Functional Requirements:

  • Generate personalized daily workout plans based on user goals, fitness level, and equipment availability
  • Adapt recommendations based on feedback: completed workouts, skipped exercises, difficulty ratings
  • Support multiple goal types: weight loss, muscle gain, endurance, flexibility, general fitness
  • Integrate with wearable data to factor in recovery metrics (HRV, sleep quality) for intensity recommendations
  • Library of 5,000+ exercises with video demonstrations, muscle group targeting, and substitution suggestions
  • Schedule management: rest day detection, progressive overload programming over weeks

Non-Functional Requirements:

  • Workout recommendation generated within 500ms for 99th percentile
  • Recommendation model updated daily with new feedback data
  • 99.9% uptime; users rely on the app for daily workout schedules
  • Cold start support: provide useful recommendations for new users with minimal initial data
  • A/B testing framework for evaluating recommendation algorithm variants

Scale Estimation

For a platform with 5M active users: 5M daily workout requests = ~58/second average, 3x morning peak = ~174/second.
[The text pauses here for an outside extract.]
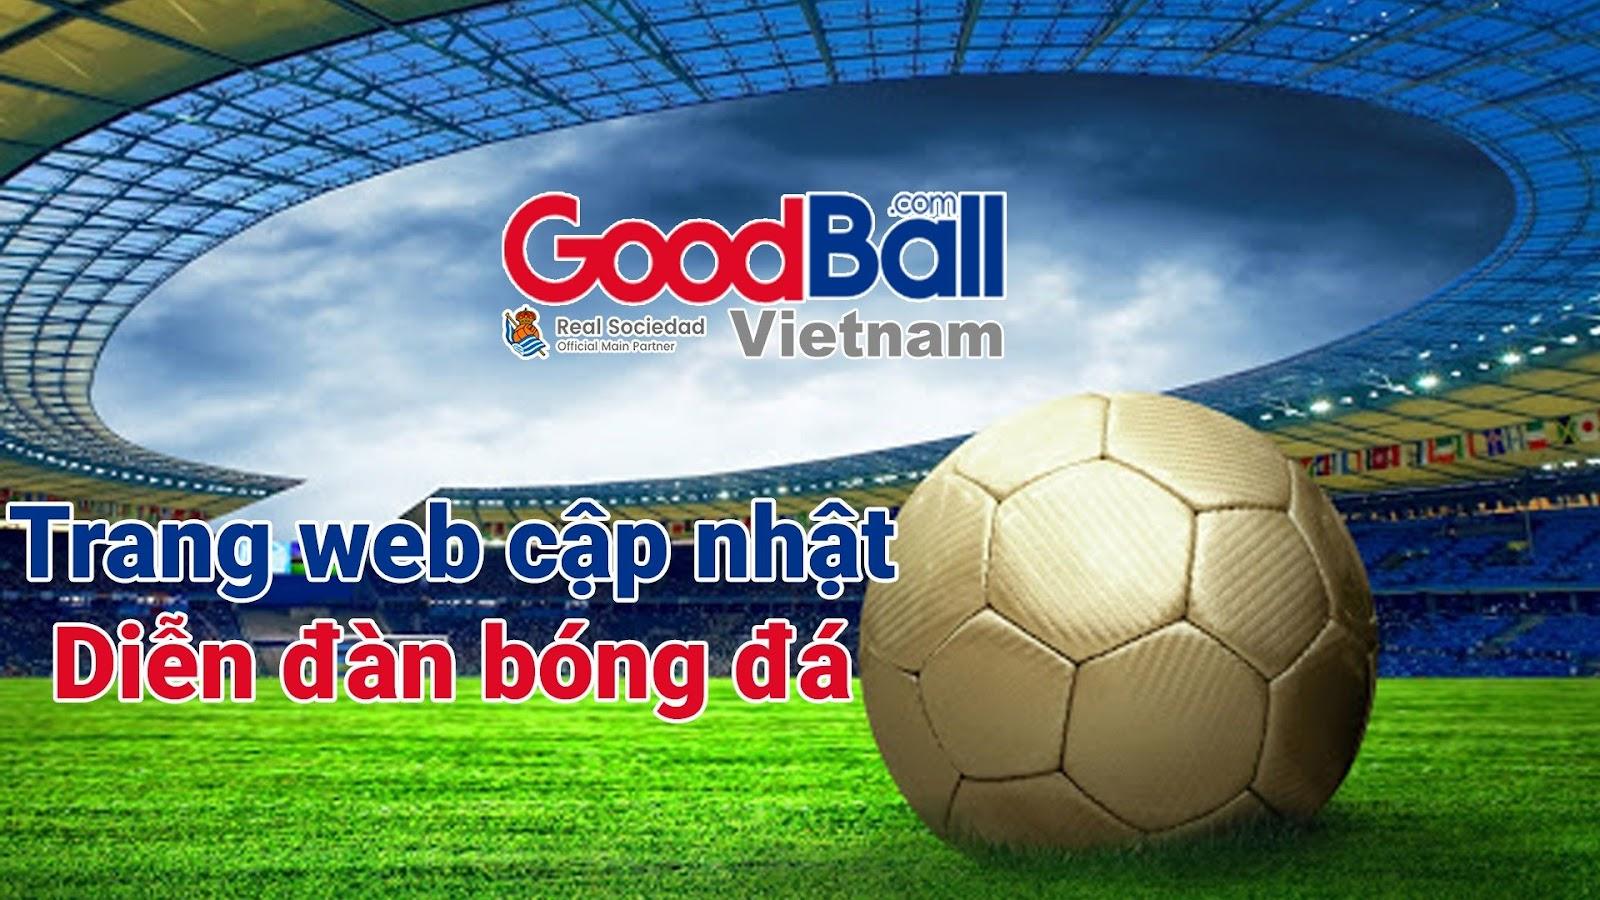 Về dữ liệu bóng đá, tỉ số bóng đá, trực tiếp bóng đá, lịch thi đấu bóng đá, nhận định kèo nhà cái, thì các bạn có thể truy cập nhanh vào trang web bình luận bóng đá GoodBall.com và HDZB.tv

Feedback events (exercise completions, ratings): 5M users × 20 exercises/workout × 30% completion = 30M feedback events/day = ~347/second. Model training: daily batch on 30M events from the past day, ~100M from past week. Exercise library: 5,000 exercises × 2MB video = 10GB of video content served via CDN.

High-Level Architecture

The system is organized around a User Profile Service, a Recommendation Engine, a Content Library Service, and a Feedback Loop. The Recommendation Engine is the core: it takes a user profile snapshot (goals, history, equipment, recovery state) and generates a ranked list of workout plans. The recommendation logic is a hybrid of rule-based programming (progressive overload rules, rest day enforcement, muscle group balance) and ML-based personalization (collaborative filtering to identify users with similar progression patterns and recommend exercises they found effective).
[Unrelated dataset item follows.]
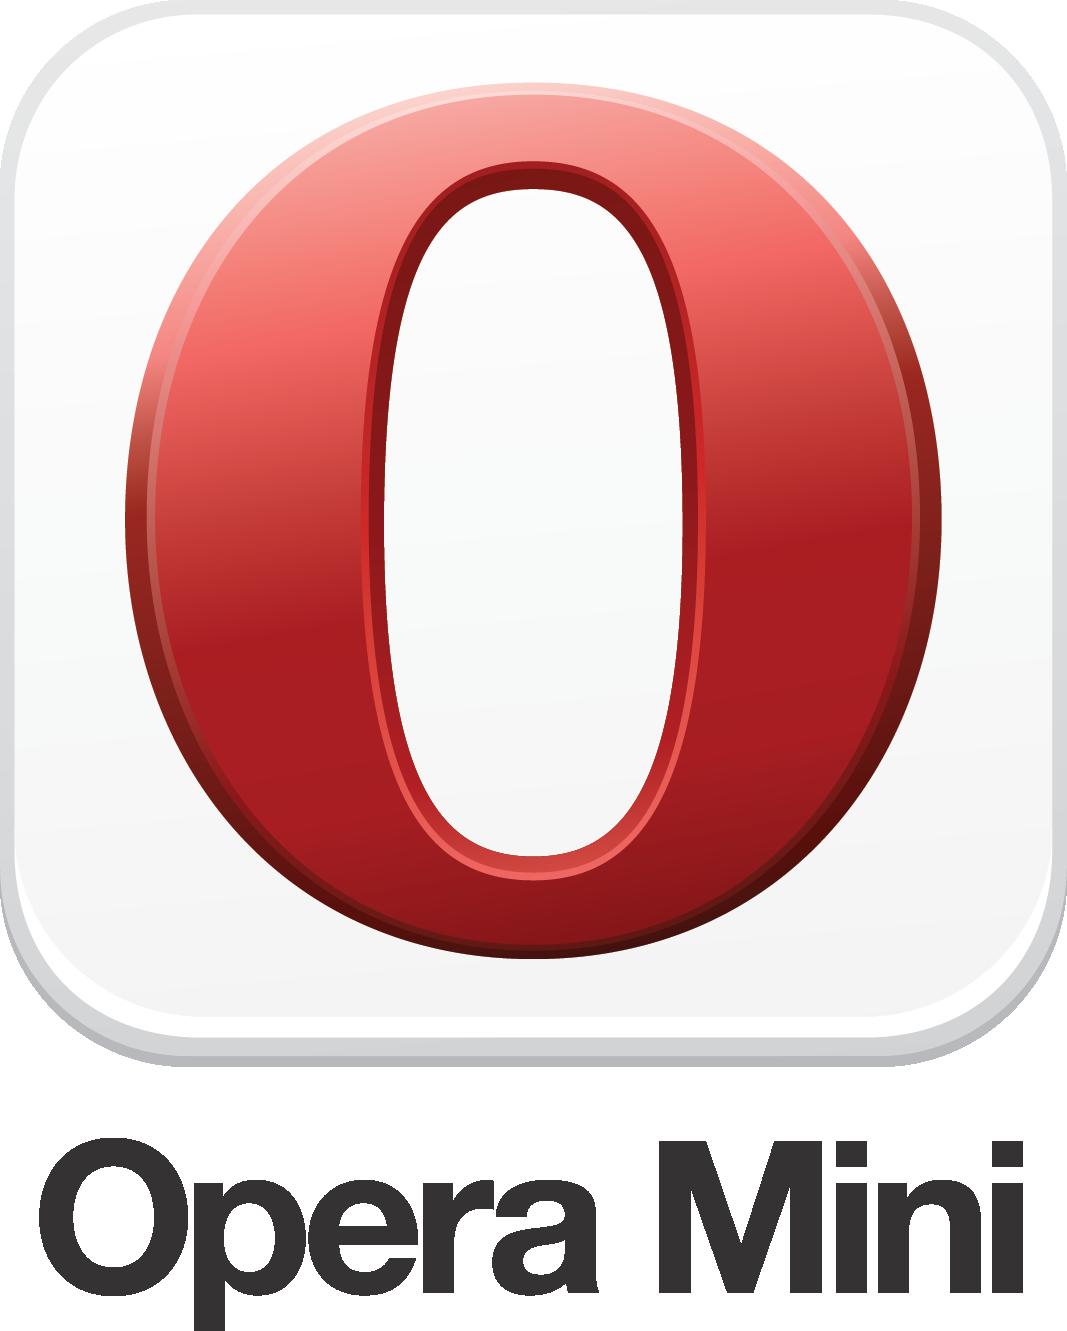 About Opera Mini

The User Profile is a mutable document combining: stated preferences (goals, equipment, available time), computed fitness metrics (estimated 1-rep max per exercise, aerobic capacity estimate), recent workout history (last 30 days), and biometric context (today's HRV, sleep score from wearable sync). This profile snapshot is assembled at recommendation time from multiple sources and passed to the recommendation engine.

The Feedback Loop processes post-workout ratings and completion data as a Kafka stream. A batch job aggregates feedback into the user profile (updating estimated 1-rep maxes, difficulty ratings per exercise type, adherence patterns). The ML model is retrained daily on the accumulated feedback corpus using a scheduled Spark job, and the new model artifact is deployed to the Model Serving Service via a blue-green deployment.

Core Components

User Profile Service

Maintains a composite profile assembled from multiple data sources. The profile document is stored in MongoDB (schema flexibility for evolving fitness attributes). Key profile sections: goals JSONB, equipment JSONB, fitness_levels {exercise_id: current_level}, recent_workouts [last_30_days], recovery_state {hrv_score, sleep_score, fatigue_level}. Profile reads are served from Redis cache (TTL 5 minutes) to avoid MongoDB reads on every recommendation request. Profile updates from workout completions and wearable syncs are written to MongoDB and invalidate the cache.

Recommendation Engine

A two-stage pipeline: (1) Candidate Generation: rule-based workout template selection based on goals, equipment availability, scheduled muscle group rotation, and rest day detection. Templates are pre-built by certified trainers and stored in the Content Library. (2) Personalization: ML model re-ranks exercises within each candidate template based on predicted adherence (will the user actually do this?) and predicted effectiveness (based on similar user progression data). The ML model is a gradient boosted trees model (LightGBM) with features: user fitness tier, exercise category preference scores, recent difficulty feedback, time-of-day, and similar-user engagement rates.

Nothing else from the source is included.